Unraveling Local Dust Storm Structure on Mars: The Case of Northern Amazonis During Mars Year 24

Abstract:

On an average Martian afternoon, two or three local dust storms are taking place somewhere on the planet. By definition, these storms range in area from a few square kilometers to hundreds of thousands, rarely surviving from sol to the next. After more than 40 years of observation, a great deal is known about where and when they occur, but very little is known about the structure and dynamics of individual storms.

This contrast in our knowledge about local dust storms results from how they are observed. Daily global mapping of Mars in the visible has enabled an accurate census of storms as well as observation of their morphological diversity. However, even under ideal conditions, an individual storm is only observed by sounder-type instrumentation once or twice (if it is a large enough), providing an incomplete picture of structure of an individual storm.

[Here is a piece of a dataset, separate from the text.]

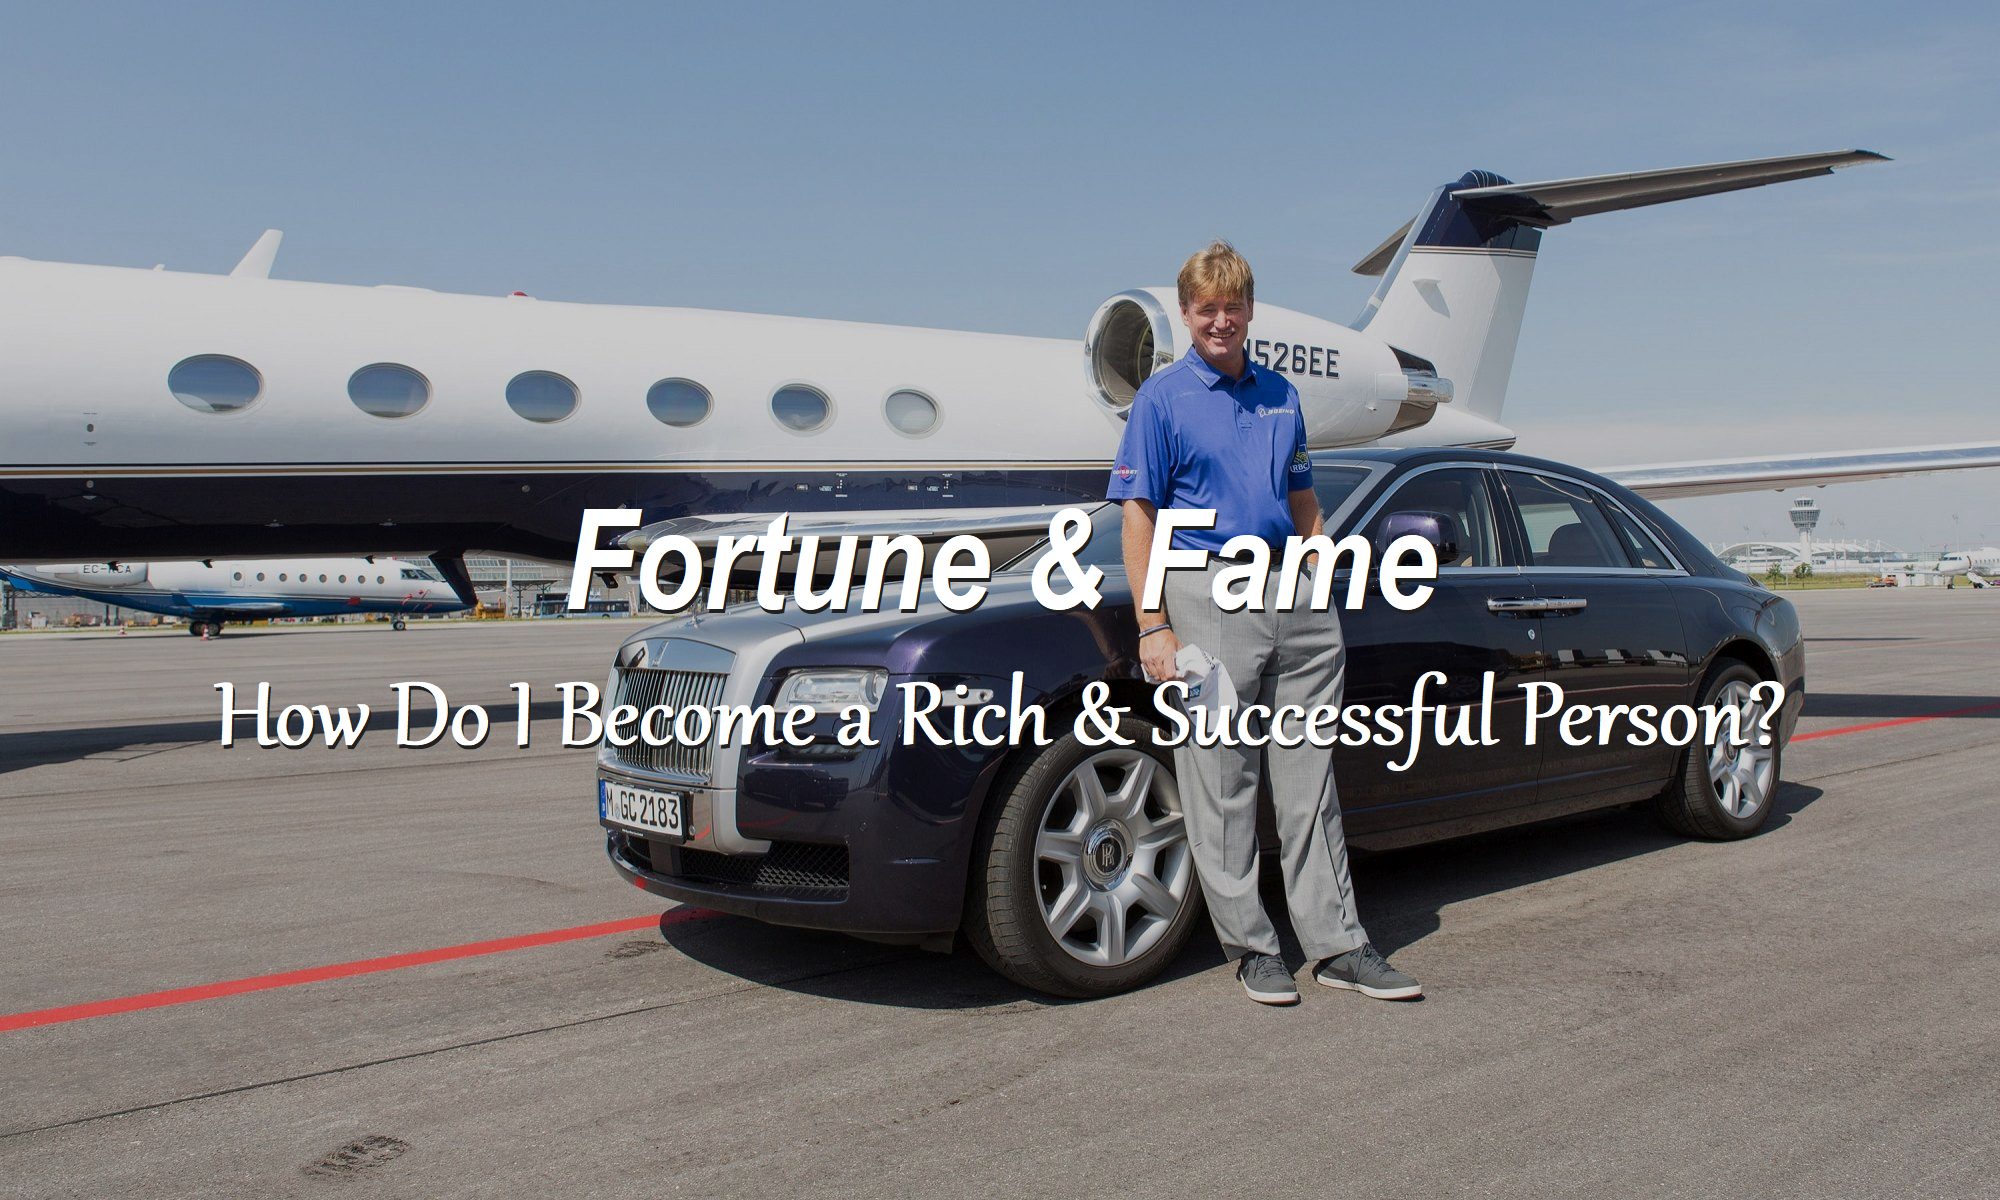 MANIFEST MONEY, FAME & FORTUNE! How to Become a Rich & Famous Person
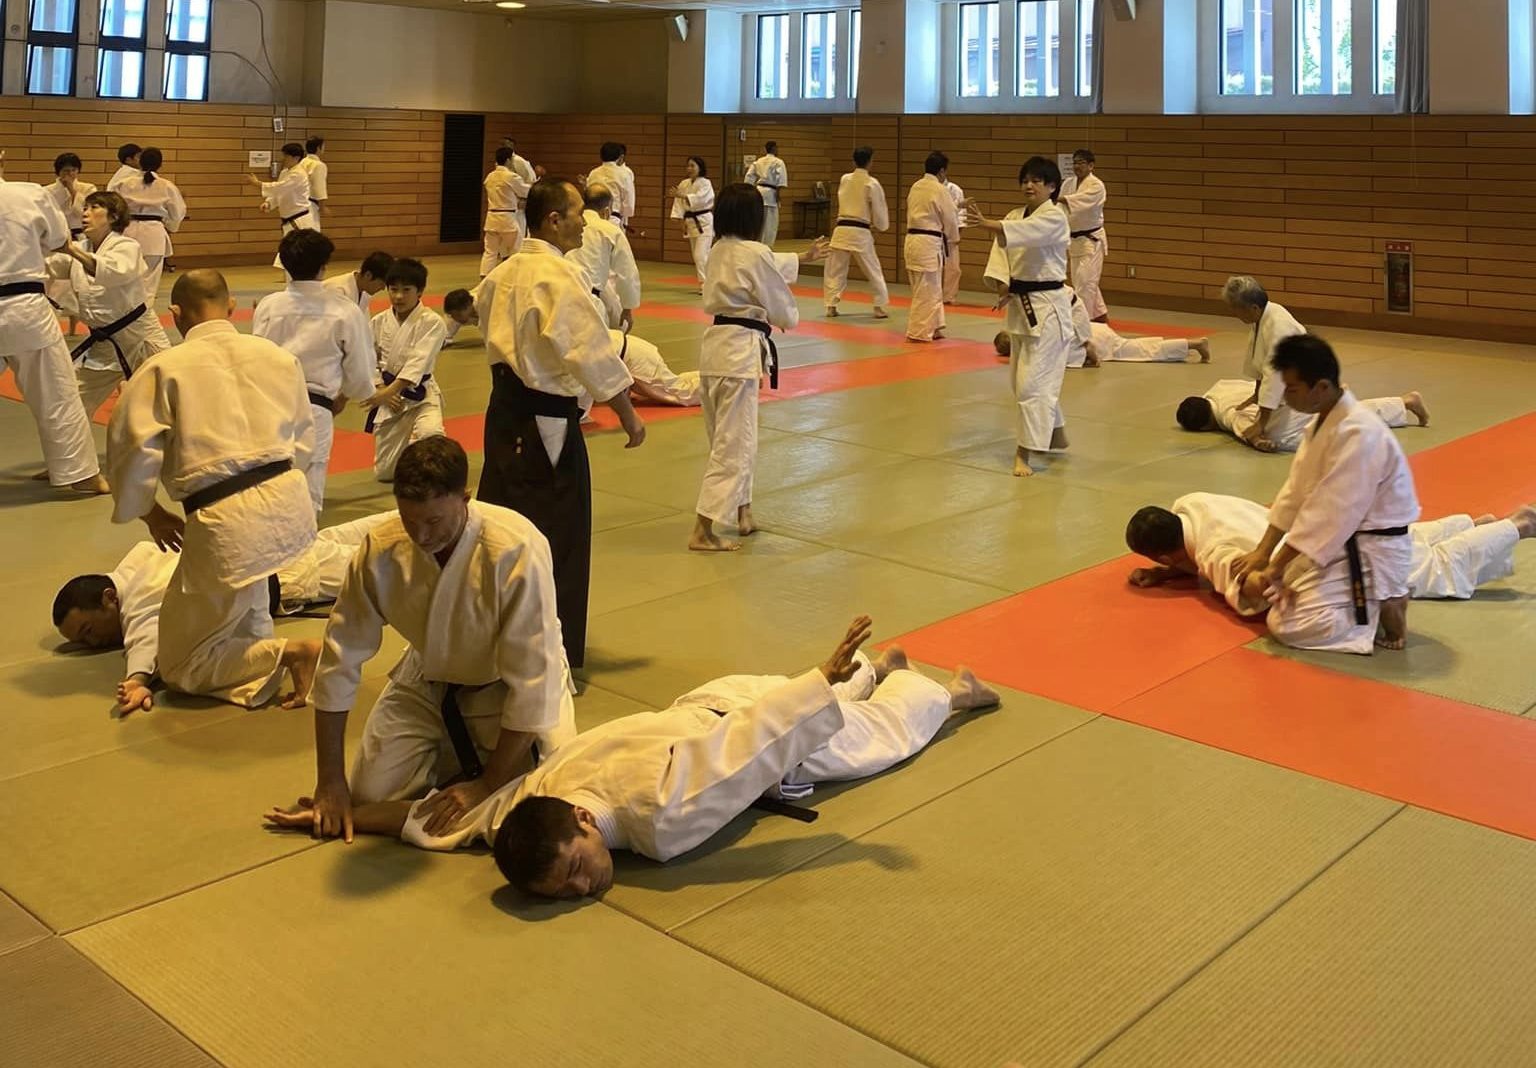 <blockquote><h3></h3>To provide an organised structure and global aikido network in support of member dojos.</blockquote>

Early studies of cyclogenesis on Earth had a similar problem. Cyclones were many, but observations of individual cyclones, especially over the ocean, were sparse. The structure and dynamics of cyclones was unraveled by noting similarities in properties between certain classes of cyclones and using observational data to generate composite cyclones that could be analyzed and modeled. Variability within the composite also could be studied.

Here I establish the existence of a well-defined class of Martian local dust storms defined by: (1) occurrence along the axis of the dark albedo feature in northern Amazonis Planitia (36 N, 155 W); (2) not being associated with lifting or cloudiness due to a baroclinic wave/frontal boundary at higher latitude; (3) being textured, that is, having dust clouds with sharp, well-defined features that are thought to indicate their clouds are supplied by the active lifting of dust; (4) having dust clouds organized in well-defined streets indicative of convective rolls. In Mars Year 24, such storms developed on thirteen occasions in northern fall and autumn.
Using data from the Mars Orbiter Camera, Thermal Emission Spectrometer, and Mars Orbiter Laser Altimeter on Mars Global Surveyor, I will present a composite description of the structure of an individual storm of this class and its variability.

This work is supported by NASA's Mars Data Analysis Program (NNX14AM32G).